Des métamorphoses, Anent ne cesse d’en rapporter. D’une génération à l’autre, c’est l’évolution d’une culture, récemment encore quasi « intouchée » par la civilisation moderne, que ce livre


retrace, ou dont il tente de donner quelques impressions. Pignocchi part sur la trace des anent, de « brèves invocations chantées, fredonnées à voix basse ou récitées mentalement, qui


permettent d’établir une forme de transmission de pensée avec les plantes, les animaux et les esprits ». Descola, au siècle précédent, avait noté l’importance accordée par les Achuar à ces


chants, et avait constitué un corpus d’une centaine d’anent enregistrés sur place. La plupart sont « destinés à influer sur des êtres humains ou sur des animaux domestiques » – générant


l’harmonie conjugale, la bonne entente avec ses voisins, etc. D’autres, « hautement valorisés, permettent de communiquer avec le gibier » et sont utilisés lors de la chasse.
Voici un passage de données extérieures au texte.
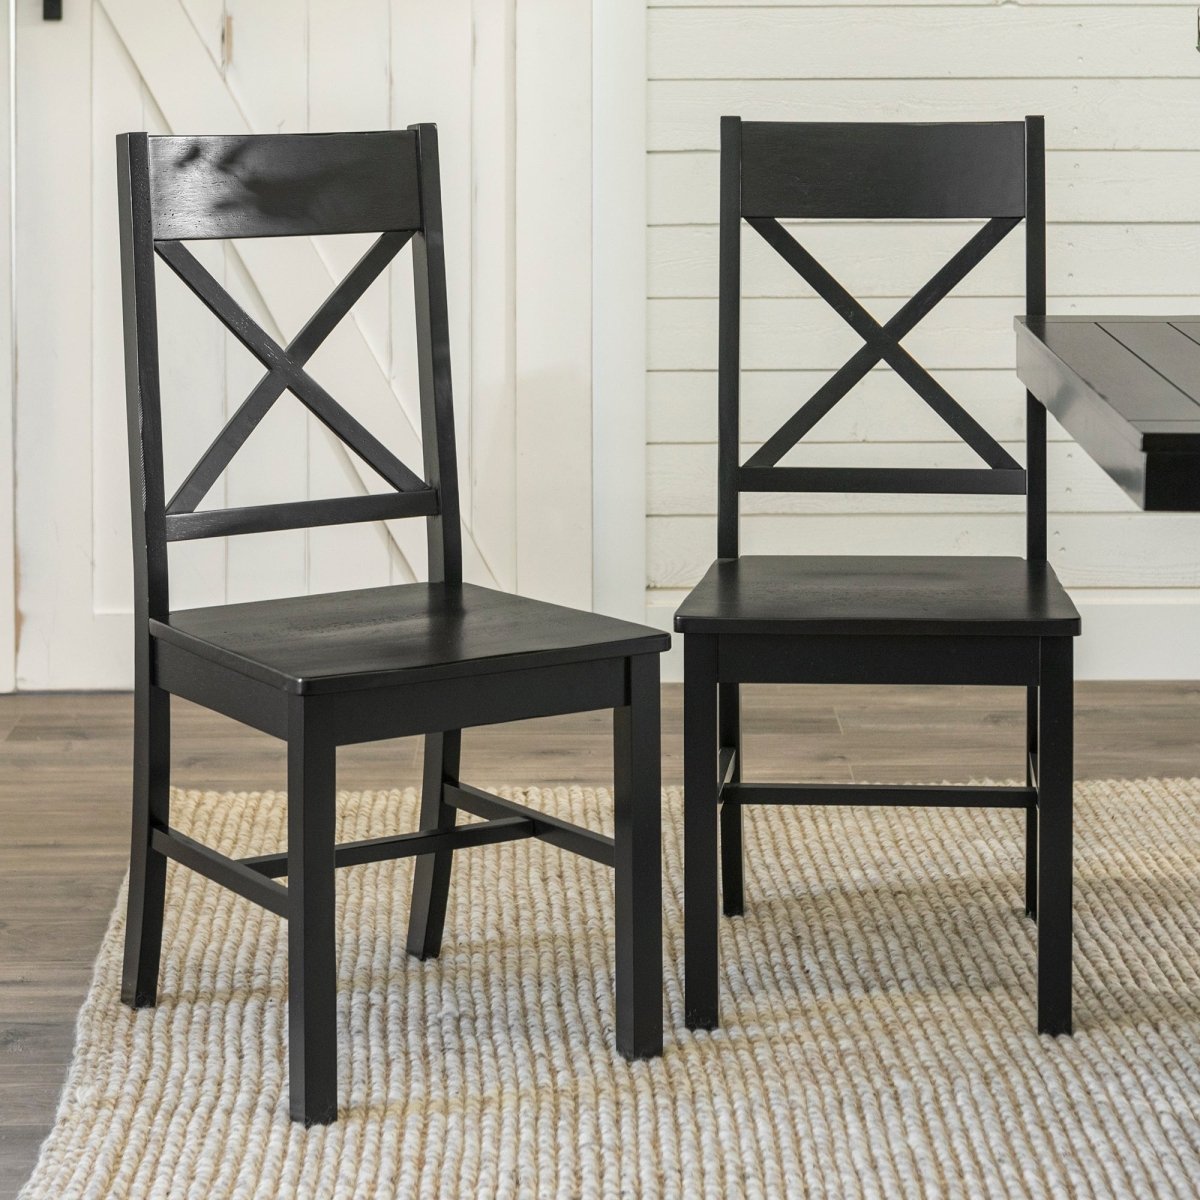 Walker Edison Millwright Dining Chair, Set of 2 - lily & onyx

Mais, quatre décennies plus tard, San – ainsi qu’Alessandro Pignocchi a été renommé par ses amis achuar – ne retrouve pas la présence des anent dans le quotidien, et découvre de jeunes


Achuar aux noms désormais hispaniques, qui n’en connaissent aucun et valorisent plutôt la cumbia-rock comme mode d’expression musicale.


Il en va ainsi, tout au long du livre, de divers aspects du mode de vie achuar ; le jeune auteur est sans cesse confronté aux représentations – aux fantasmes pourrait-on presque dire –


qu’ont suscitées chez lui Les Lances du crépuscule, et à la réalité qu’il rencontre. Les communautés ont été christianisées ; les hommes hésitent, lorsque l’un d’eux est malade, à le


conduire à l’hôpital, devenu service gratuit depuis que Rafael Correa est président de l’Equateur, ou chez le chaman ; certains voient l’avenir dans l’arrivée des programmes « éco-sociaux » 
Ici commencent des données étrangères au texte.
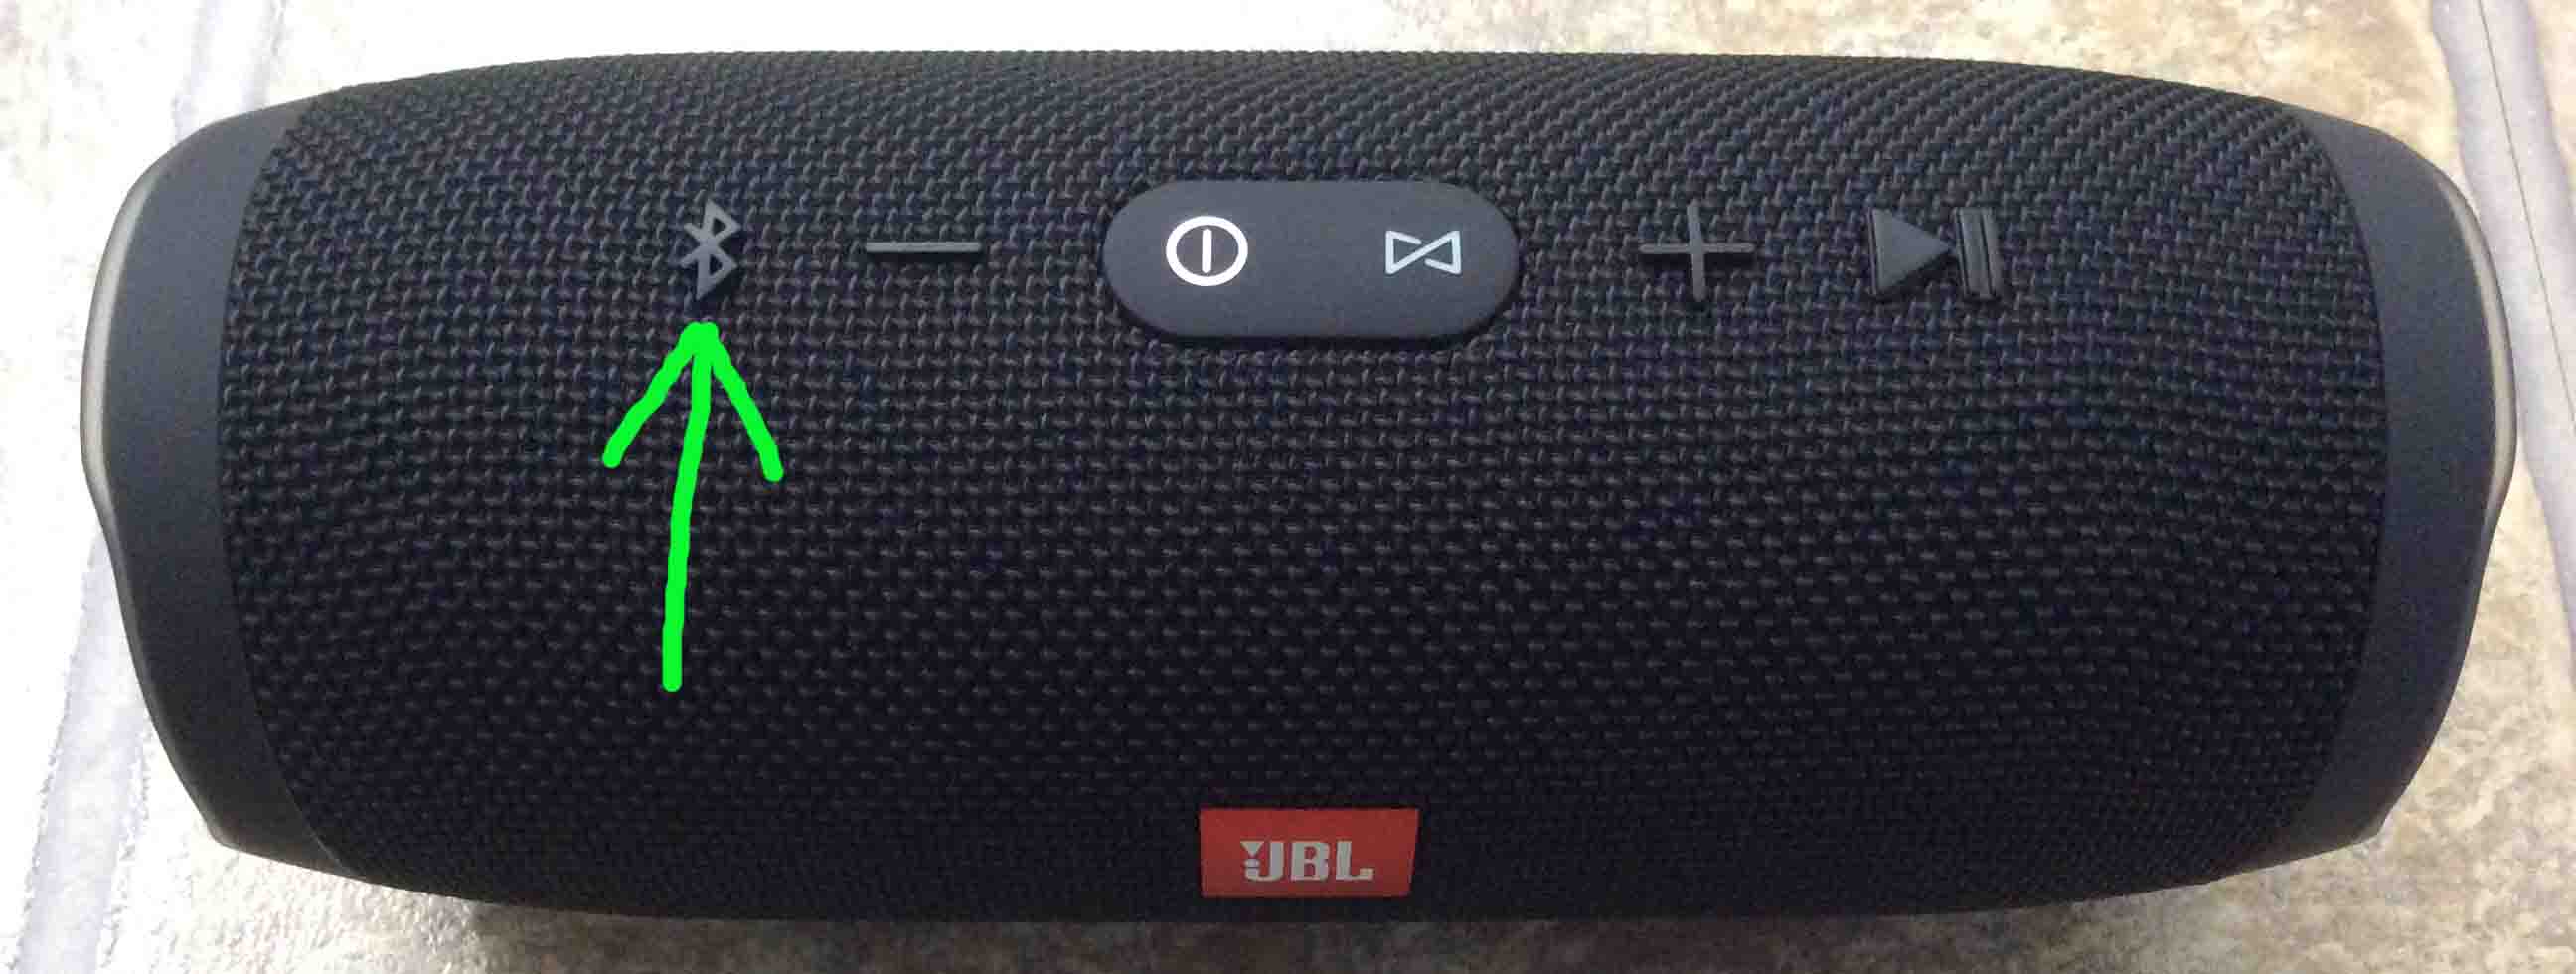 JBL Charge Buttons, Combinations, Meanings - Stop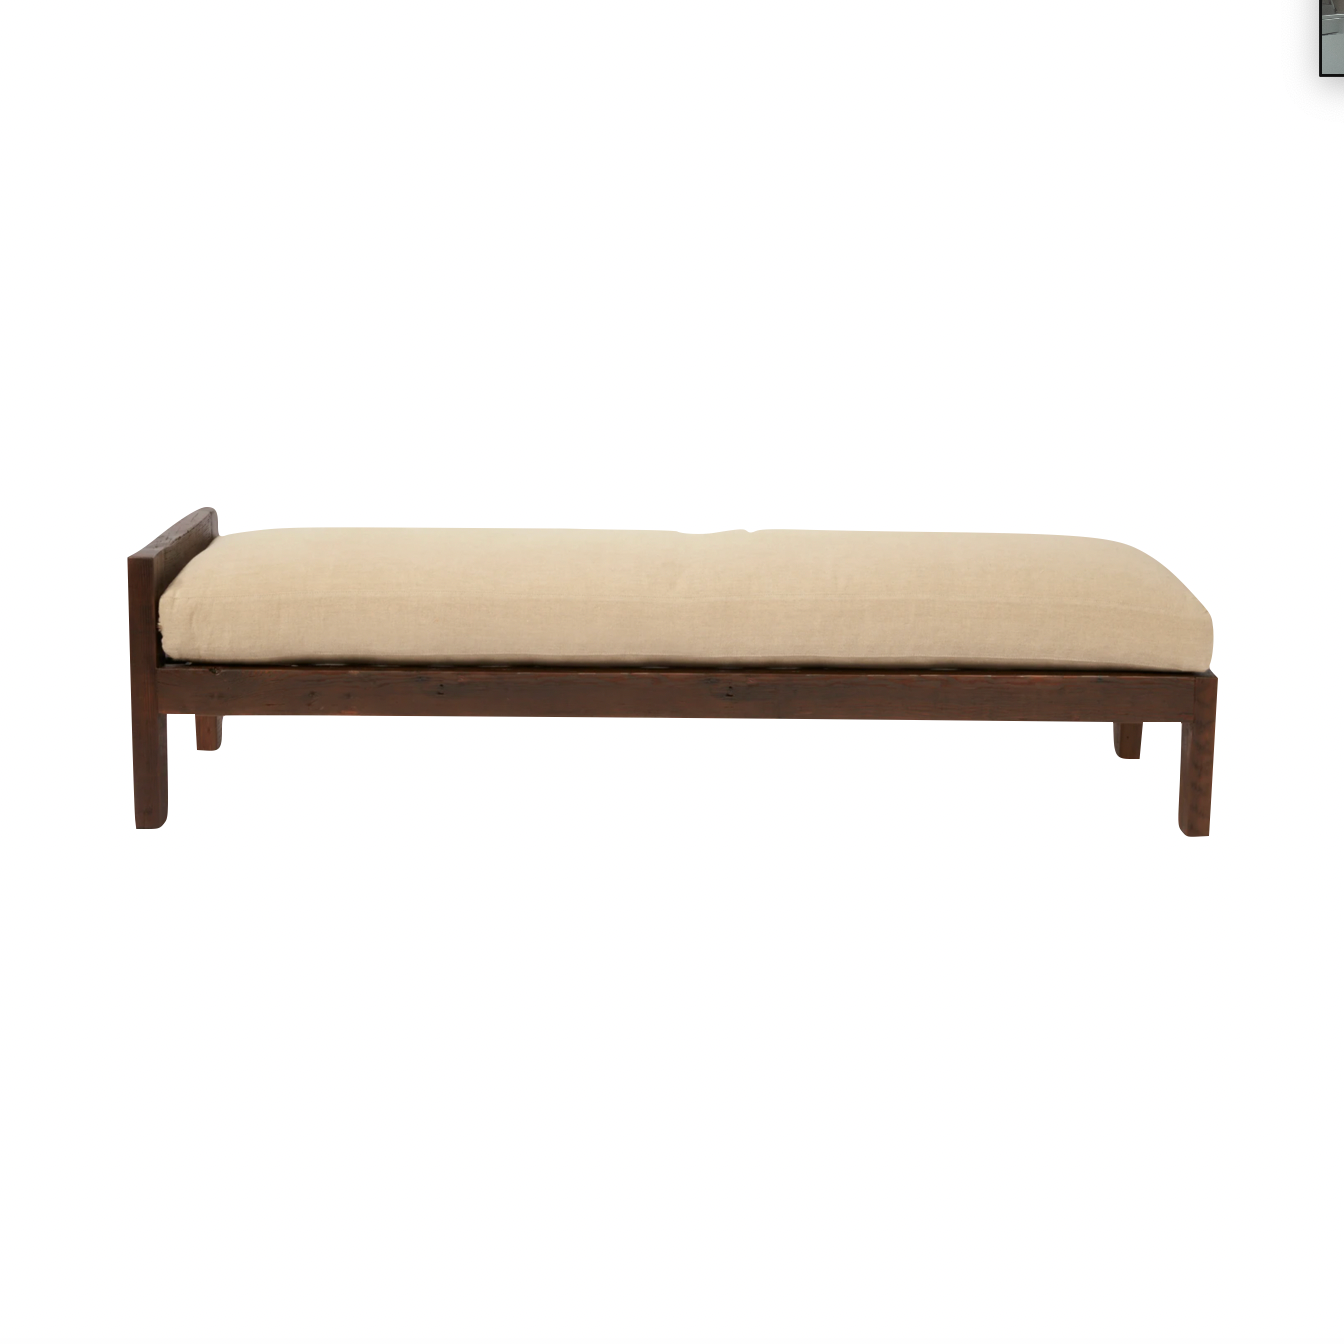 A beautifully crafted modern piece, the Corpus Daybed from Cisco Brothers is sure to bring comfort and style to any space. Photographed in Brevard Burlap.   Overall size: 78"w x 27"d x 18"h

; les jeunes rêvent d’aller étudier en Europe, sont parfois équipés des derniers appareils technologiques, etc. Pignocchi n’hésite pas à traduire ses surprises sous une forme subtile


d’autodérision : pourquoi nous, Occidentaux, ne voulons-nous pas que cela change ?


Cependant, la relation privilégiée de ce peuple amérindien à la nature, qui avait profondément attiré l’auteur, est loin d’avoir entièrement disparue. En fait, cette idée même est erronée,


puisque la distinction entre l’homme et la nature est proprement occidentale. Les Indiens, au contraire, « en donnant aux êtres qui peuplent [la nature] une dignité égale à la leur,


n’adoptent pas à leur endroit une conduite vraiment différente de celle qui prévaut entre eux. Ils considèrent les plantes et les animaux comme des sujets plutôt que comme des objets ». Et


au détour de certaines pratiques, qu’au premier abord San ne reconnaît pas, il entend un mot, perçoit une attitude, qui le replongent dans les récits de Descola ; pas à pas, une certaine


mémoire ancestrale semble se réveiller…


Le livre dans son ensemble nous interroge sur la discipline même de l’ethnologie, qui se réclame ici de Lévi-Strauss, à propos duquel Descola dit « qu’il avait déjà l’impression d’arriver


trop tard ». Et, bien sûr, cette histoire particulière nous renvoie aux mutations auxquelles l’humanité entière est appelée, dans ce temps de profonde perturbation. Anent se termine par une


sorte d’invitation : « Les communautés de Numbaïme et de Napurak seraient heureuses d’accueillir de temps à autre quelques touristes », suivie des coordonnées nécessaires. Malgré la marche


du monde, aurait-on encore quelque chose à apprendre, un regard à transformer, au contact d’hommes vivant non pas dans la jungle, mais avec elle ?


-  Anent - Nouvelles des Indiens jivaros d’Alessandro Pignocchi, préface de Philippe Descola, Steinkis, 164 p., 20 euros.